Similar to the monitoring evaluation and reporting sub-committee, the grievance resolution sub-committee is comprised of the chairperson, secretary and five additional committee members. The sub-committee is responsible for settling disputes between the parties related to the Agreement, as well as addressing any other grievances raised by the project proponent or community. It manages these issues following the procedures outlined in Schedule One and develops user-friendly forms for lodging grievances, ensuring an accessible and structured process for resolving matters under the Agreement.
When addressing any disputes arising with respect to a blue carbon project, proponents must first follow the dispute resolution mechanism outlined in the CDA, with resolution required within 30 days from the date of lodging the dispute.
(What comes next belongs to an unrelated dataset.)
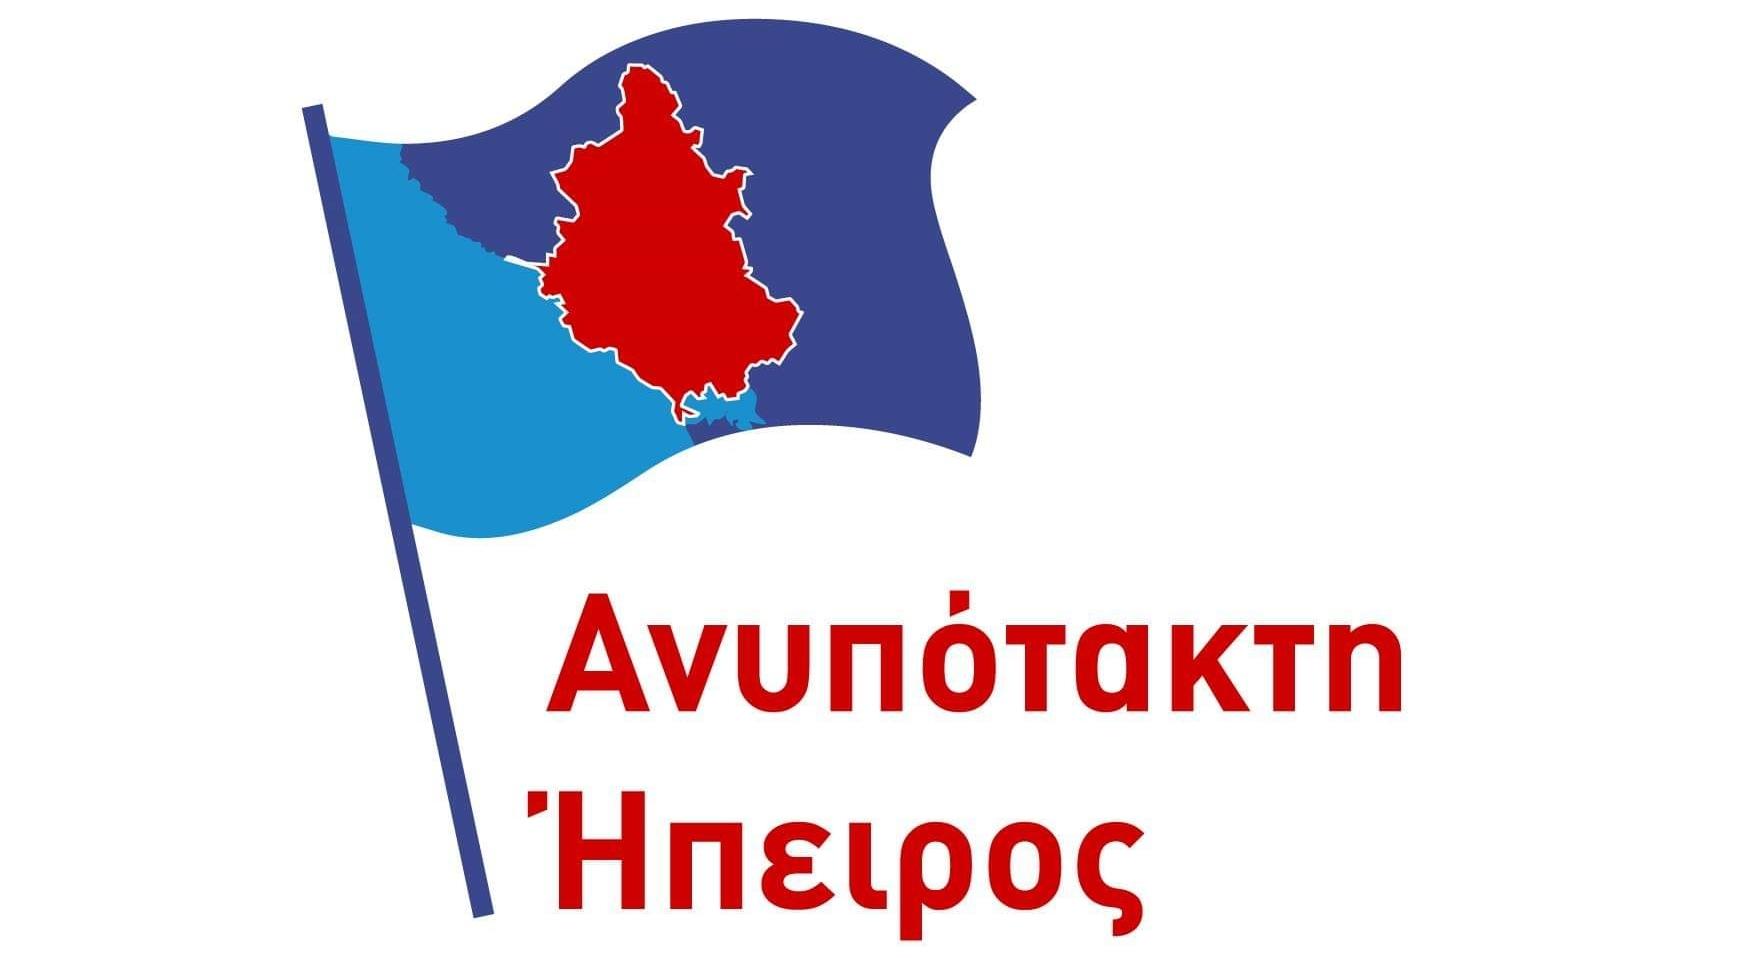 «Ανυπότακτη Ήπειρος», περιφερειακή παράταξη με επικεφαλής τον Κώστα Νουτσόπουλο

If unresolved within this period, the dispute will proceed to the National Environmental Tribunal (NET), and any appeals of NET’s decisions can then be taken to the Environment and Land Court.
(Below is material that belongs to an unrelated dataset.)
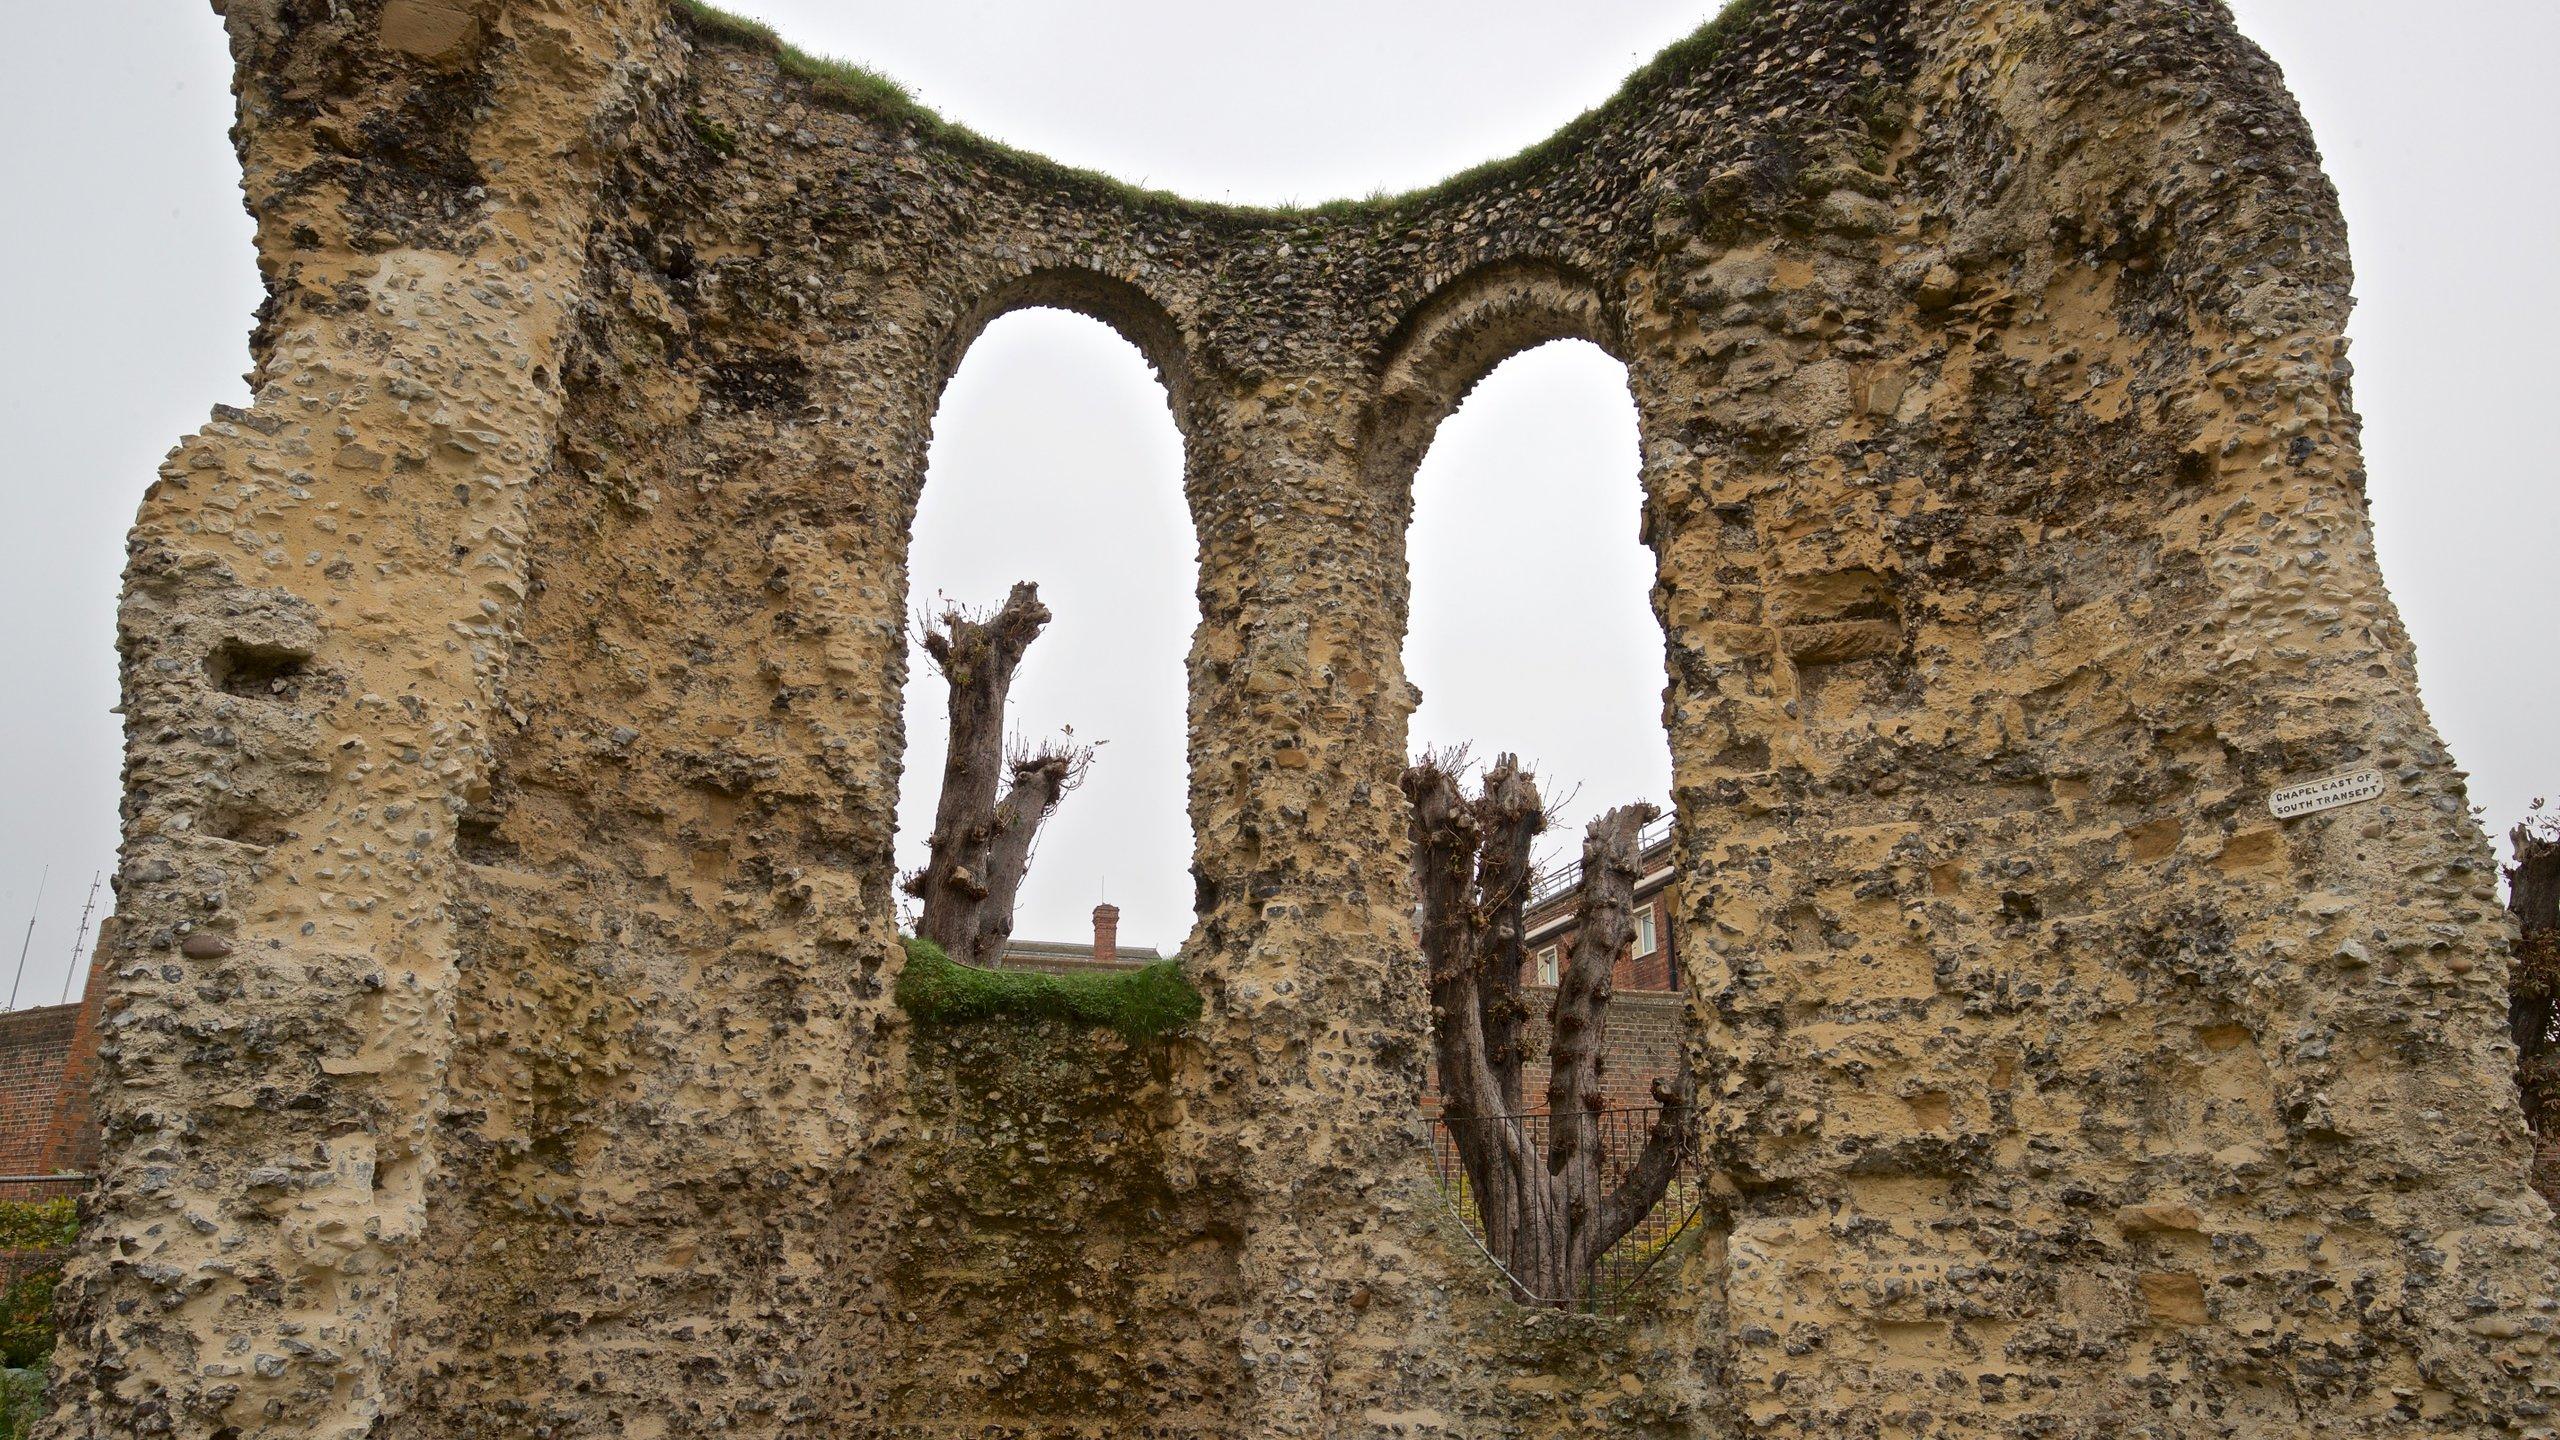 Ruïnes van de abdij van Reading, Reading, Engeland, Verenigd Koninkrijk

Adherence to social and environmental safeguards
Blue carbon projects in Kenya must adhere to strict environmental and social safeguards under the Act and Regulations to ensure they deliver maximum benefits to local communities and the environment, without causing harm. For instance, when applying for their carbon project approval, blue carbon project proponents must not only prepare a concept note and project design document (PDD) detailing how the project will maintain environmental integrity but must also complete an environmental and social impact assessment (ESIA) per the Environmental Management and Coordination Act’s requirements.
Blue carbon projects must also adhere to sector-specific standards, with REDD+ projects requiring a REDD+ Safeguards Assessment, although the procedures for this are still pending clarification. Land-based blue carbon projects on community land must also secure and document free, prior, and informed consent (FPIC) to proceed.
Compliance with these safeguards is essential, as failure to adhere may result in project cancellation by the DNA, especially if environmental or health risks emerge, or if misleading information has been submitted. Blue carbon project proponents may also face liability for any environmental or health-related damage resulting from the implementation of their blue carbon projects.
The Way Forward
Local communities have a critical role to play in the conservation of coastal and blue carbon ecosystems and should be involved at the project design and implementation stage of a carbon project. All new blue carbon projects are required to comply with the Regulations from the onset of the Regulation’s gazettement; however, projects already operational in Kenya before the gazettement of the Regulations (Ongoing Carbon Projects) must comply within two years from the commencement date of the Regulations. Whereas there is a transition framework that considers whether a project has been operational or not prior to the Regulations coming into effect, all blue carbon projects, whether new or ongoing, are best advised to take early steps to map and identify the communities that they will enter into CDAs with, carry out the necessary FPIC and stakeholder engagement processes to ensure any necessary negotiations/renegotiations are done for communities to have at least 40% of the annual benefits from the carbon project being allocated to them, and continuously operate in accordance with the terms of the CDA, the Act and the Regulations.